▶ Information shown:
####################

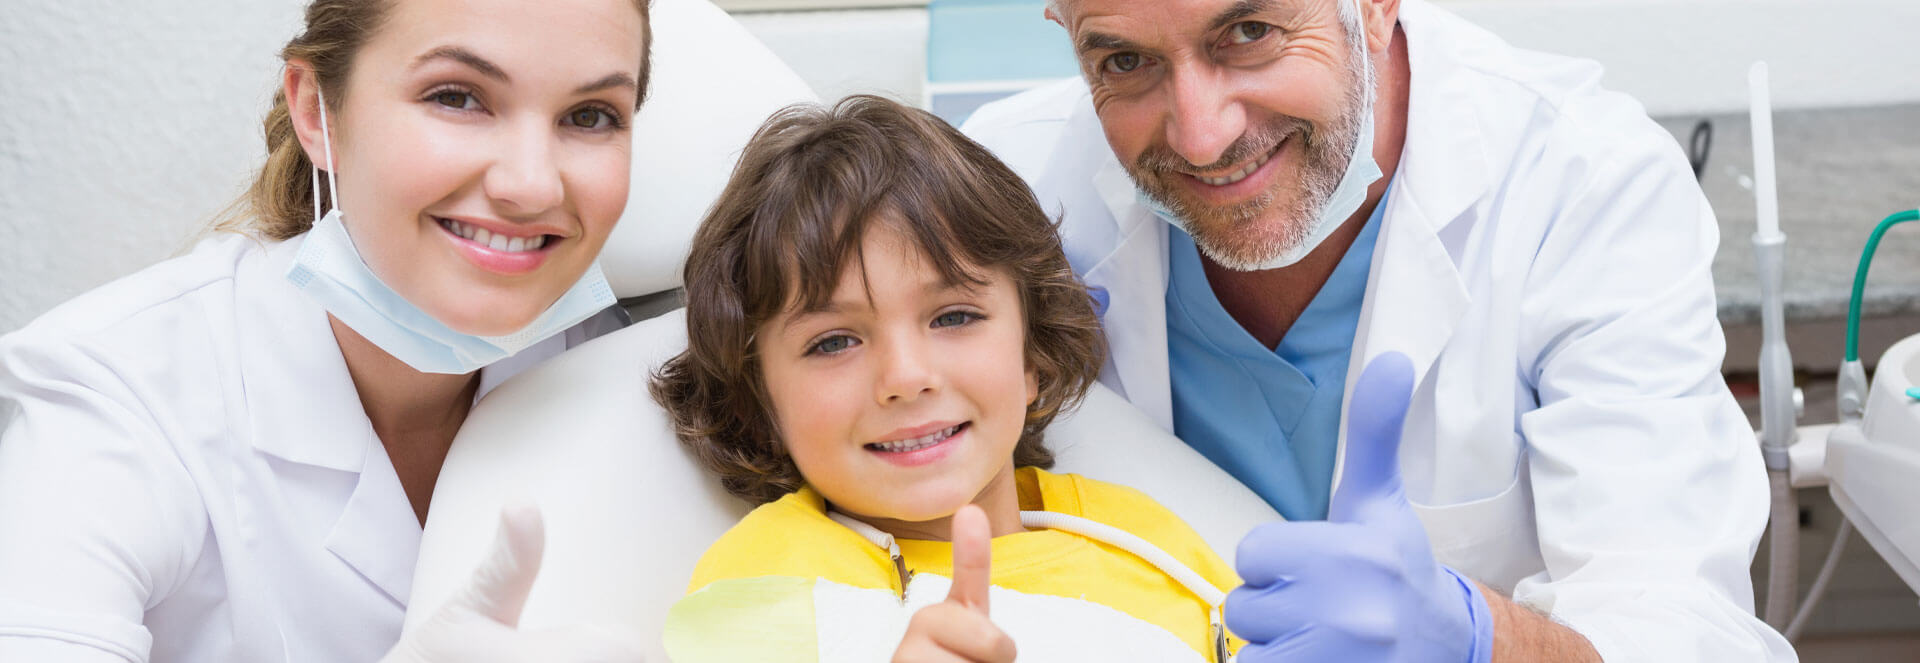 Dental assistant, young child, and dentist all smiling at the camera and showing thumbs up
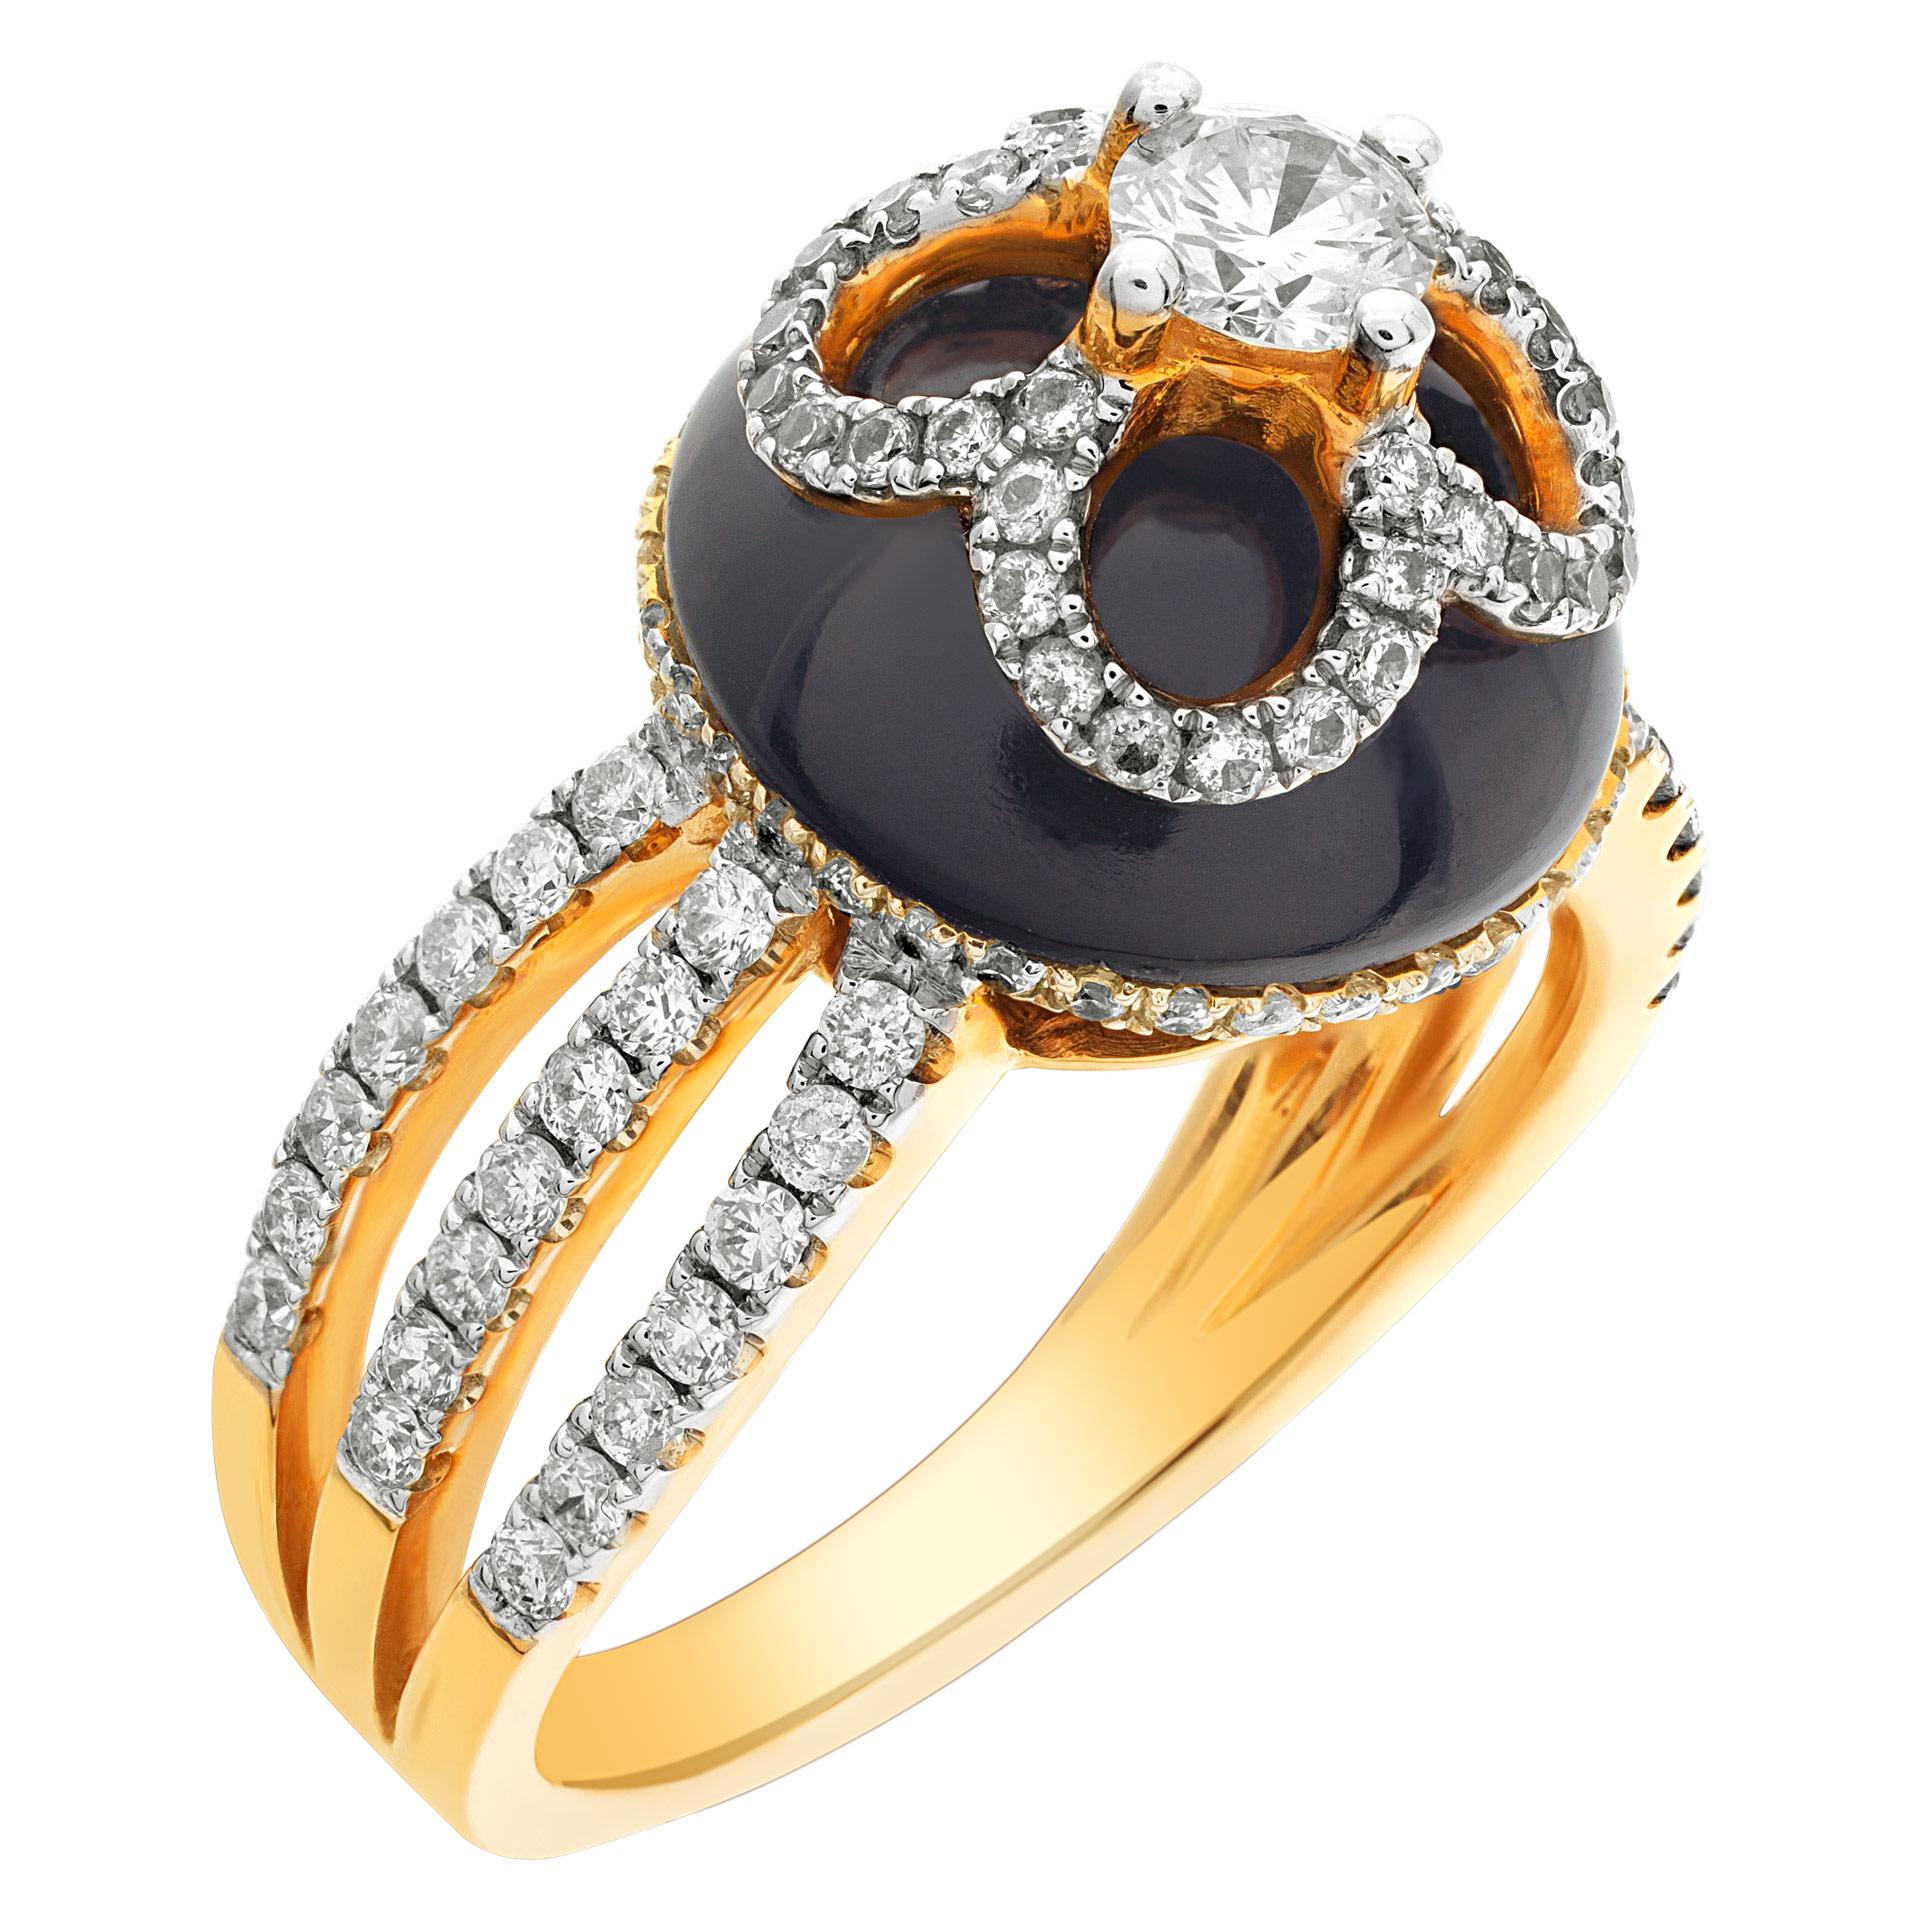 Designer Michael Christoff diamonds ring set in 18k rose gold. The top of the ring gives a spidery effect on a black agate. Diamond center  approx 0.24 carat. All around 112 diamonds, total approximative weight: 0.74 carat.  All round diamonds are
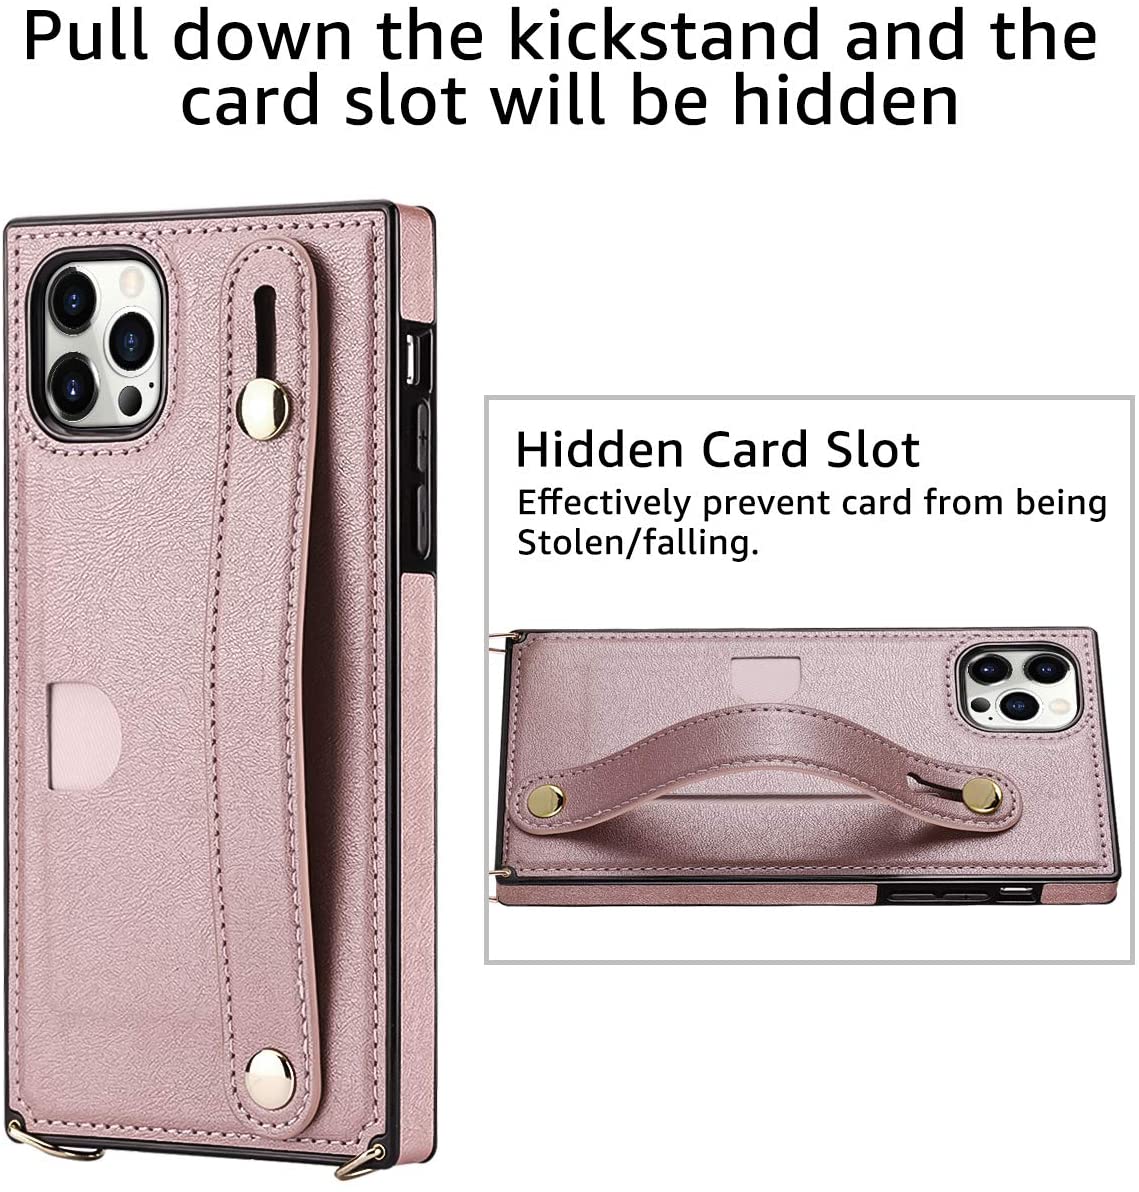 Compatible with iPhone 12 Pro Max Case-Wallet Case with Card Holder Kickstand Lanyard Neck Strap Adjustable Necklace Protective Cover Compatible with iPhone 12 Pro Max 6.7 inch 5G Rose Gold - image 3 of 3

####################

▶ What you are asked to do: Copy out the whole listing exactly. Skip its pictures.

▶ Response box:
 Dental assistant, young child, and dentist all smiling at the camera and showing thumbs up
 Designer Michael Christoff diamonds ring set in 18k rose gold. The top of the ring gives a spidery effect on a black agate. Diamond center  approx 0.24 carat. All around 112 diamonds, total approximative weight: 0.74 carat.  All round diamonds are
 Compatible with iPhone 12 Pro Max Case-Wallet Case with Card Holder Kickstand Lanyard Neck Strap Adjustable Necklace Protective Cover Compatible with iPhone 12 Pro Max 6.7 inch 5G Rose Gold - image 3 of 3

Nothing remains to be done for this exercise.